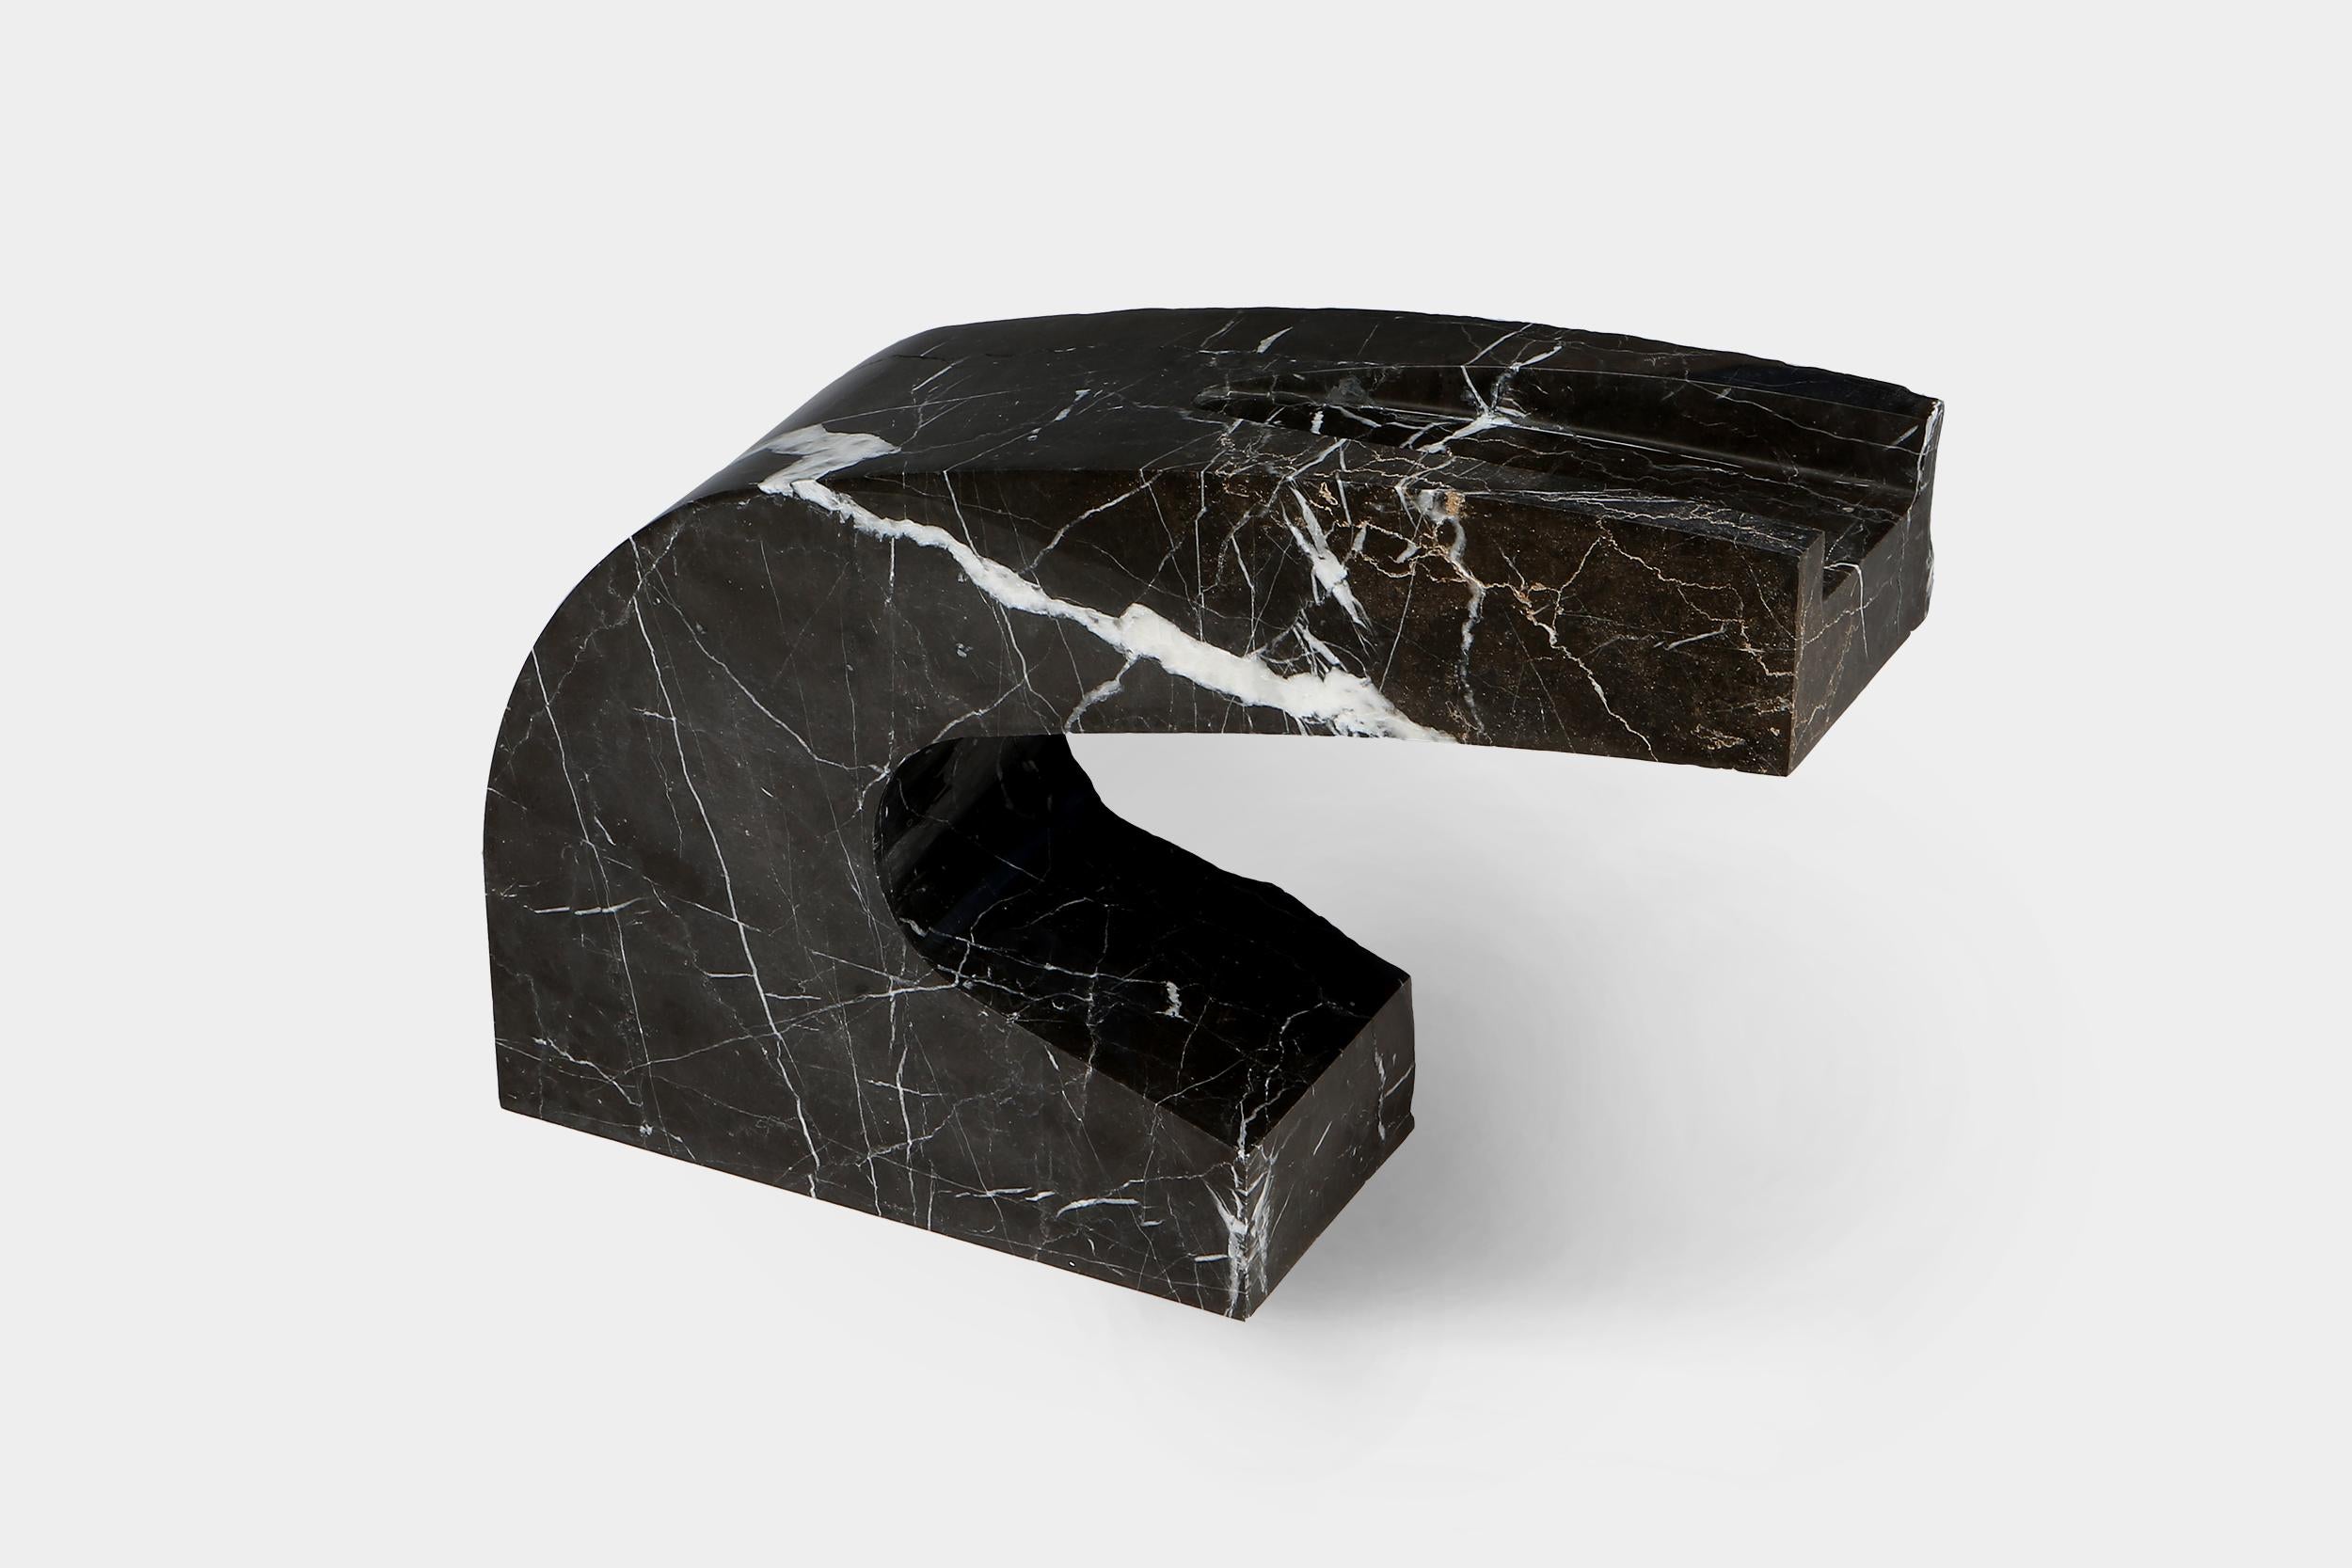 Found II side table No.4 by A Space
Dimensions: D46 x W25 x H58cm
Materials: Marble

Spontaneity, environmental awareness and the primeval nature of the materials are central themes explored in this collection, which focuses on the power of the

▶ **Exercise**: Please give back every line above exactly as it stands, without pictures.

▶ **Result of this exercise**:
 Found II side table No.4 by A Space
Dimensions: D46 x W25 x H58cm
Materials: Marble

Spontaneity, environmental awareness and the primeval nature of the materials are central themes explored in this collection, which focuses on the power of the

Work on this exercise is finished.